Pyrazoles are synthesized by the reaction of α,β-unsaturated aldehydes with hydrazine and subsequent dehydrogenation:^[6]

Substituted pyrazoles are prepared by condensation of 1,3-diketones with hydrazine (Knorr-type reactions).^[7] For example, acetylacetone and hydrazine gives 3,5-dimethylpyrazole:^[8]

CH₃C(O)CH₂C(O)CH₃ + N₂H₄ → (CH₃)₂C₃HN₂H + 2 H₂O

A wide variety of pyrazoles can be made so:^[7]

History

The term pyrazole was given to this class of compounds by German Chemist Ludwig Knorr in 1883.^[9] In a classical method developed by German chemist Hans von Pechmann in 1898, pyrazole was synthesized from acetylene and diazomethane.^[10]

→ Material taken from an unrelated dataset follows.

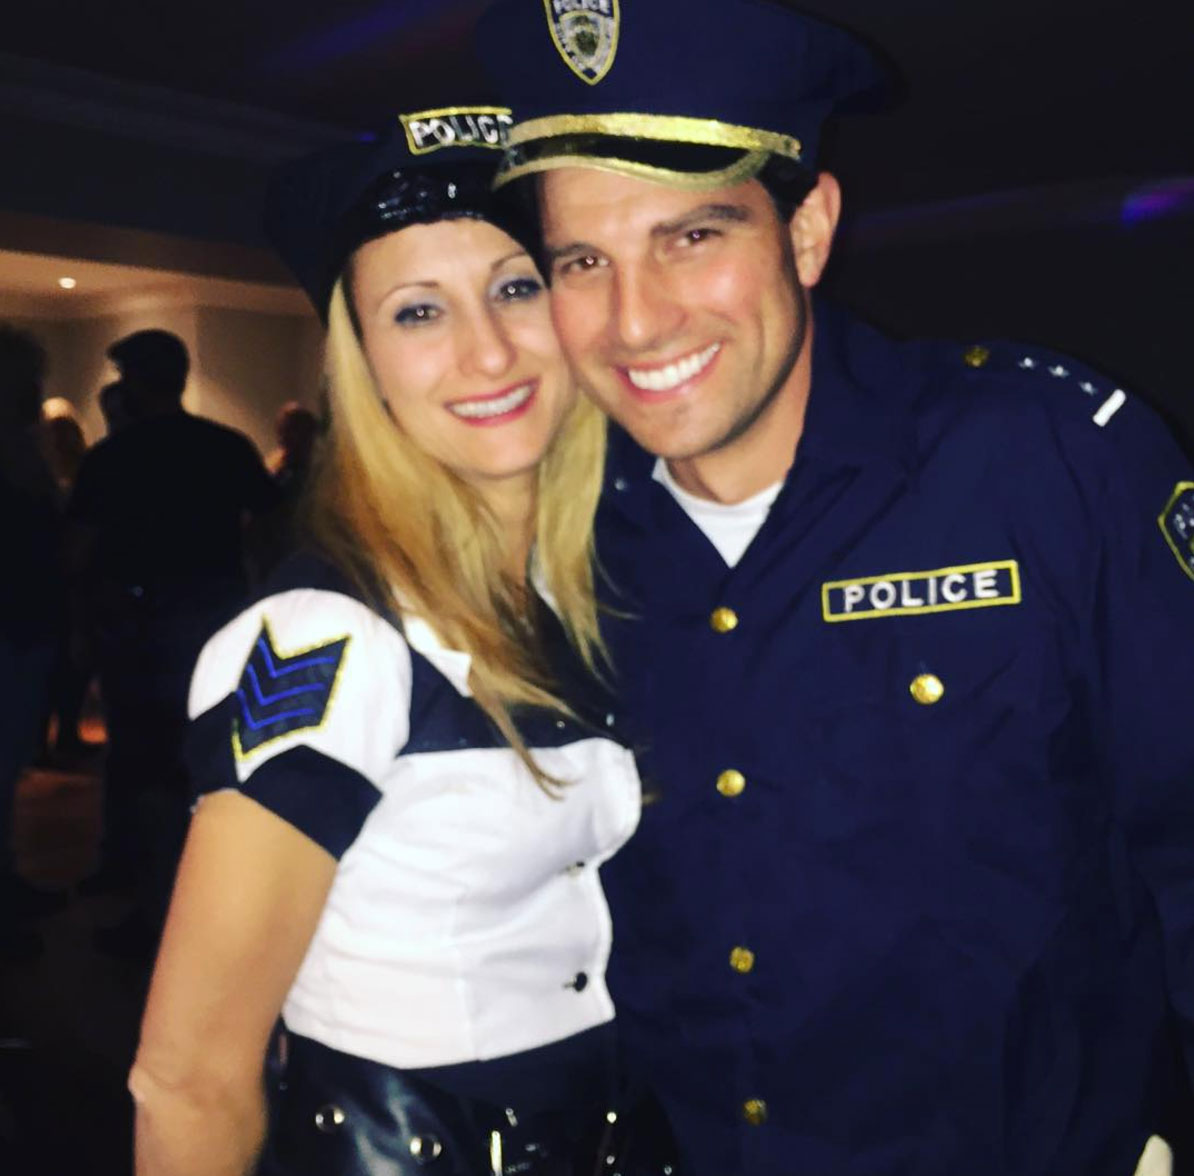 Sabrina and Scott McGillivray dressed up as police officers

Conversion to scorpionates

Pyrazoles react with potassium borohydride to form a class of ligands known as scorpionate. Pyrazole itself reacts with potassium borohydride at high temperatures (~200 °C) to form a tridentate ligand known as Tp ligand:

3,5-Diphenyl-1H-pyrazole

3,5-Diphenyl-1H-pyrazole is produced when (E)-1,3-diphenylprop-2-en-1-one is reacted with hydrazine hydrate in the presence of elemental sulfur^[11] or sodium persulfate,^[12] or by using a hydrazone in which case an azine is produced as a by-product.^[13]

Occurrence and uses

In 1959, the first natural pyrazole, 1-pyrazolyl-alanine, was isolated from seeds of watermelons.^[14]^[15]

In medicine, derivatives of pyrazole are widely used,^[16] including celecoxib and similar COX-2 inhibitors, zaleplon, betazole, and CDPPB.^[17] The pyrazole ring is found within a variety of pesticides as fungicides, insecticides and herbicides,^[16] including fenpyroximate, fipronil, tebufenpyrad and tolfenpyrad.^[18] Pyrazole moieties are listed among the highly used ring systems for small molecule drugs by the US FDA^[19]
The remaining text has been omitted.